Partial Gradient Descent Guide

Partial Gradient Descent minimizes the computational expense of solving a particular problem by reducing the number of objective function evaluations at every epoch.

In every epoch, findi.partial_descent() uses discrete uniform distribution to sample which parameters are going to be differentiated. The number of parameters chosen is specified with parameters_used argument. Other parameters will be included in the update step with a value of \(0\), i.e. the algorithm won’t descent (or move) in that dimension. For example, if we have 5-dimensional parameter space and parameters_used=3, then the update step in some epoch might look like

\[\begin{split}v_{t+1} = v_{t} - \gamma \begin{bmatrix} \frac{0}{\Delta x_1} \\ \frac{\Delta f}{\Delta x_2} \\ \frac{\Delta f}{\Delta x_3} \\ \frac{0}{\Delta x_4} \\ \frac{\Delta f}{\Delta x_5} \\ \end{bmatrix},\end{split}\]

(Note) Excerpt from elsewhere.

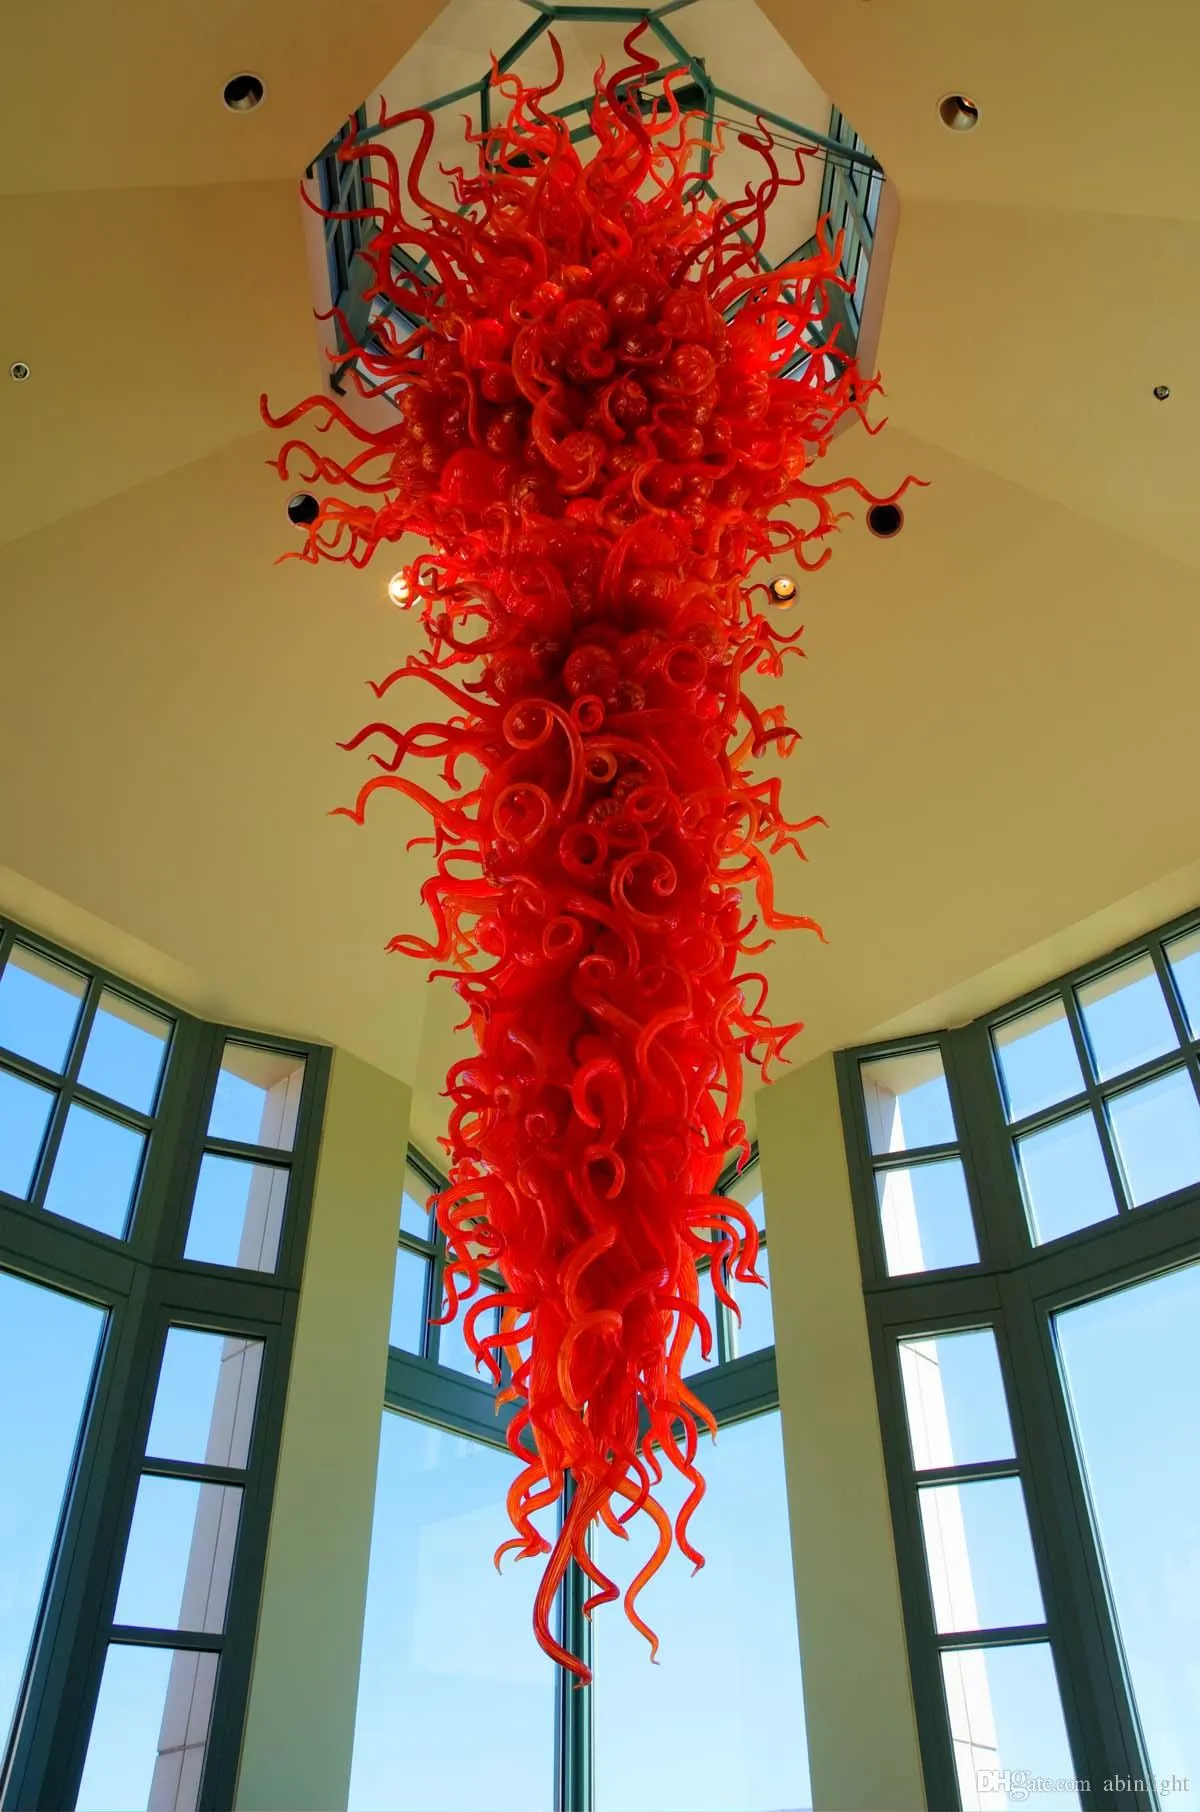 大きな赤い吹きガラスのシャンデリアフォーリーホームモールホテルロビーデコレーションアートガラスLED電球シャンデリアペンダントランプラグジュアリー
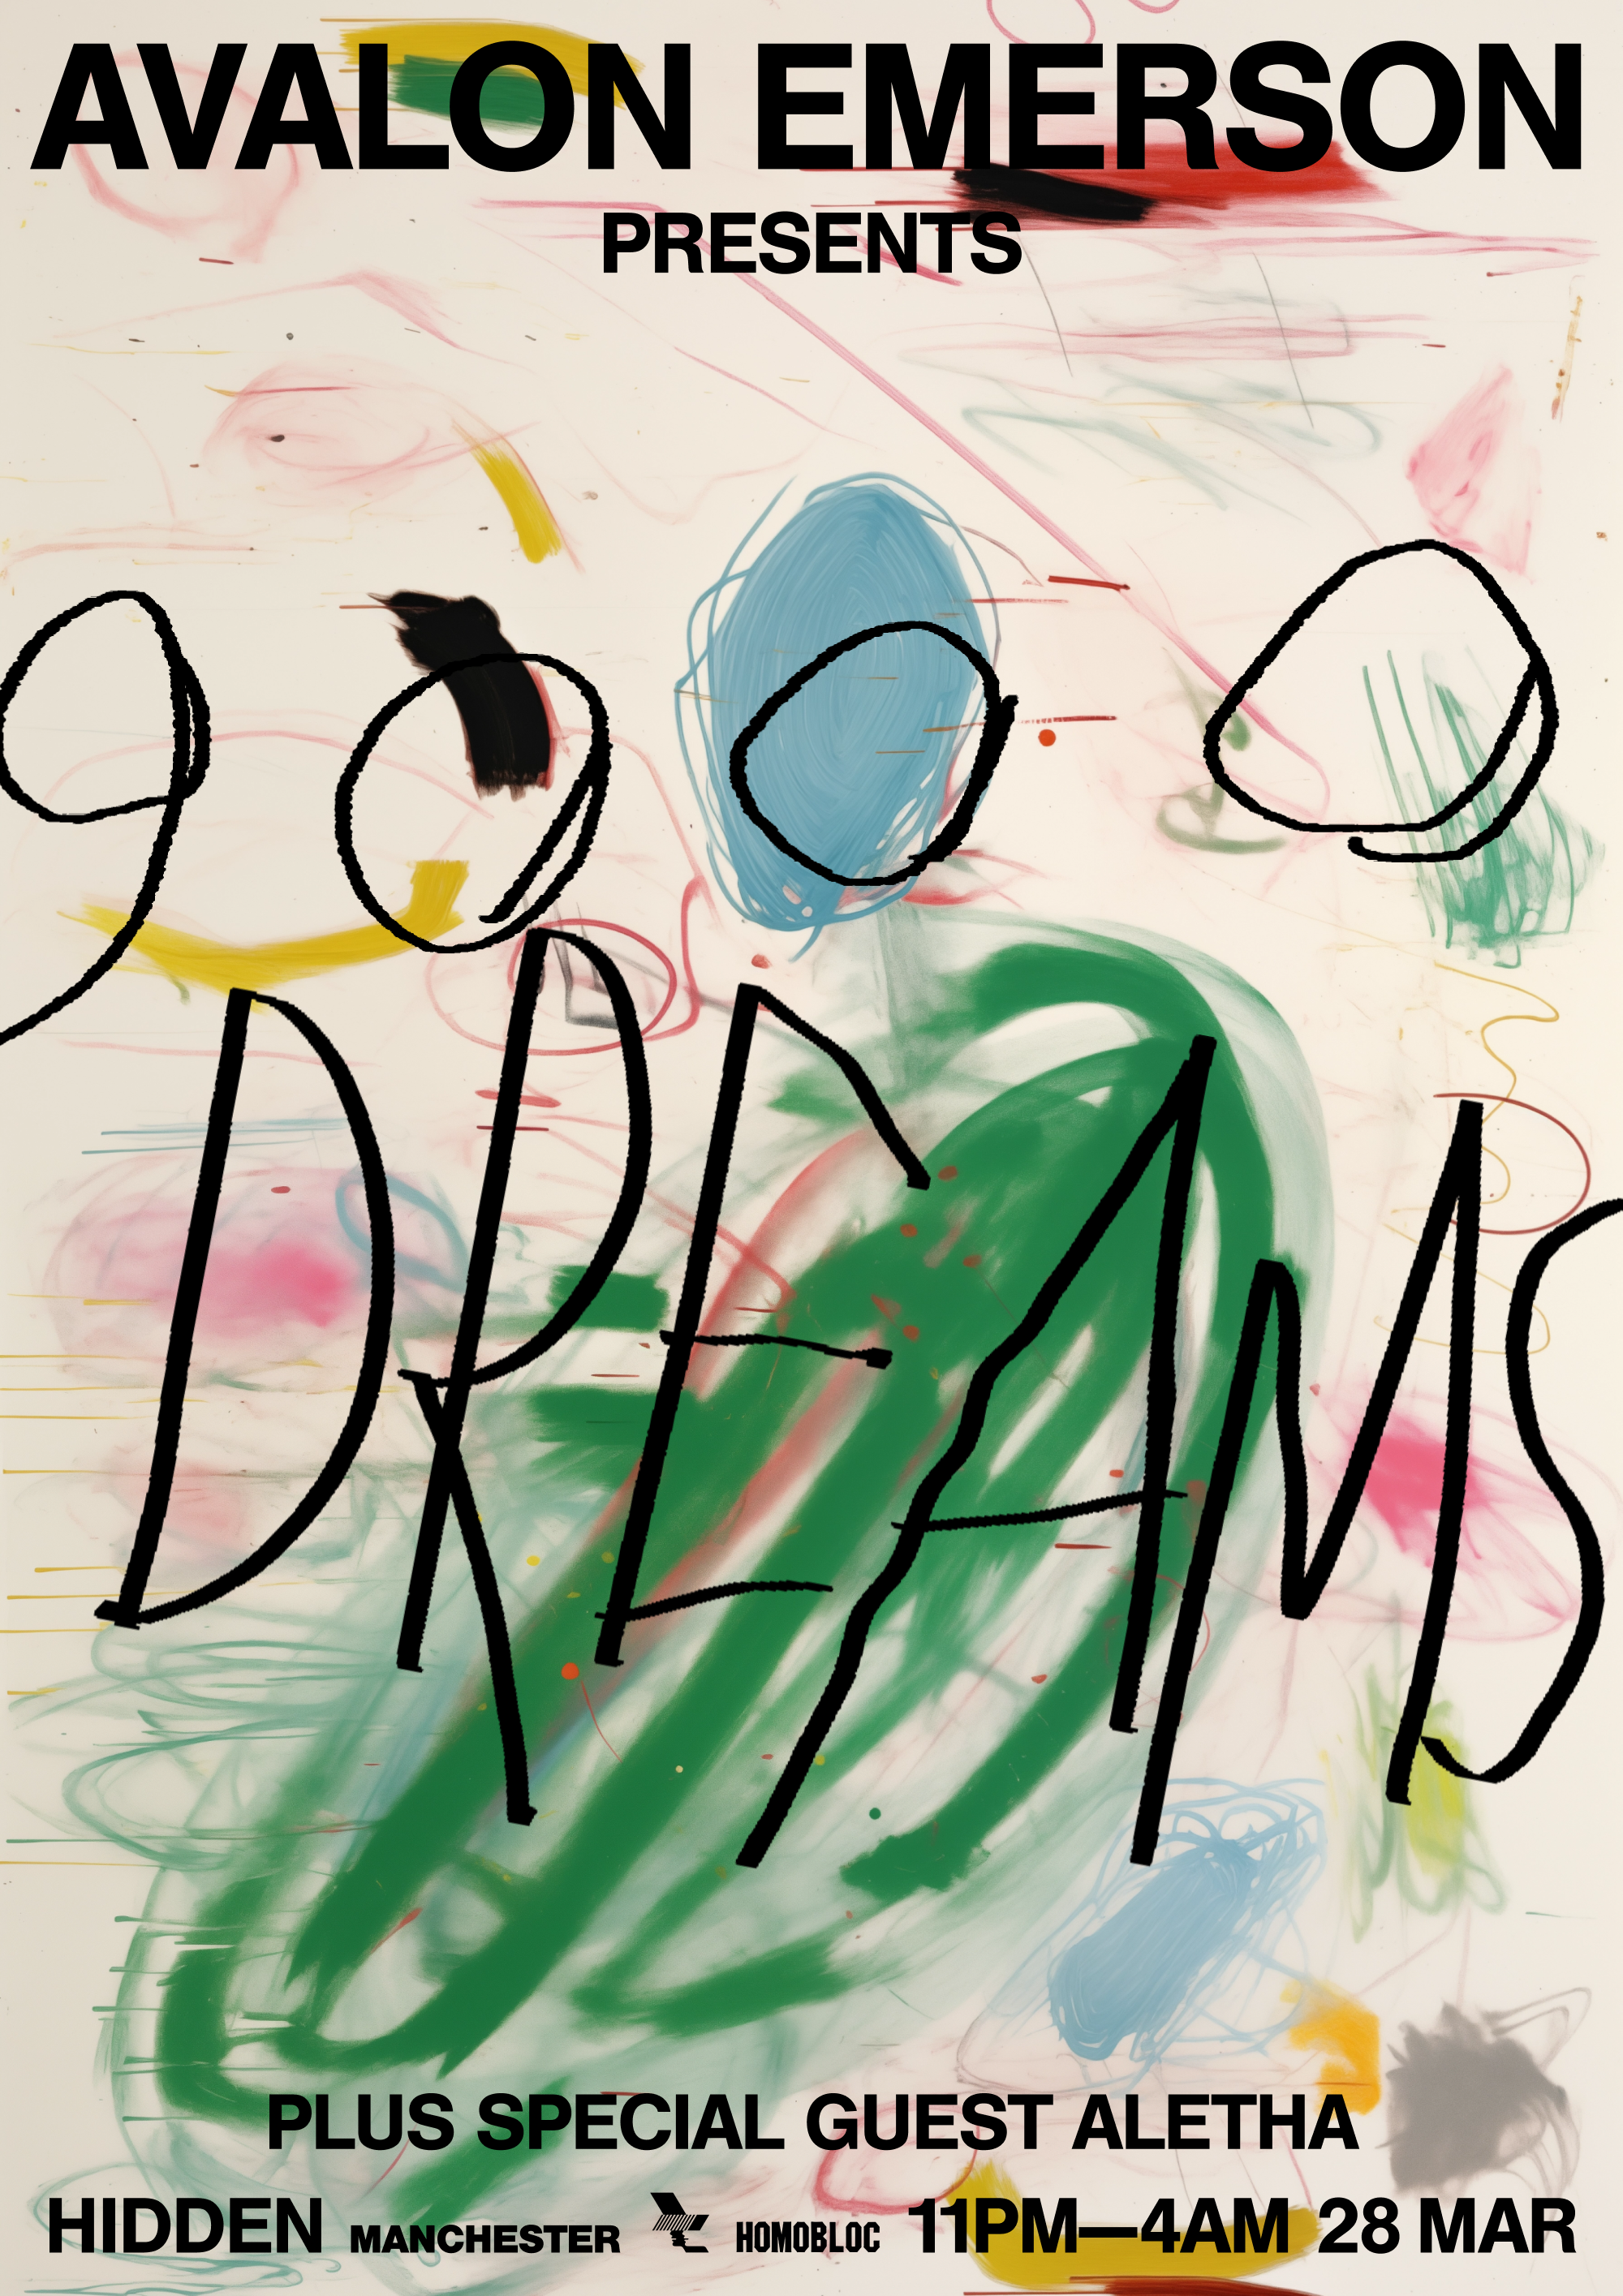 Avalon Emerson presents: 9000 Dreams - Página frontal

since only parameters \(x_2\), \(x_3\), and \(x_5\) were differentiated in that epoch. For other two parameters, \(\frac{f(x+0) - f(x)}{\Delta x_i}=\frac{0}{\Delta x_i}\).

While this reduces computation time, it increases the convergence error. This can be completely neutralized by using findi.partially_partial_descent(), which uses partial_descent() for the first partial_epochs and descent() for the remained of epochs. This method uses partial descent for rough parameter space exploration and more accurate complete FDGD for optimum search, thereby combining the computational benefits of partial gradient descent with the accuracy benefits of complete finite difference gradient descent.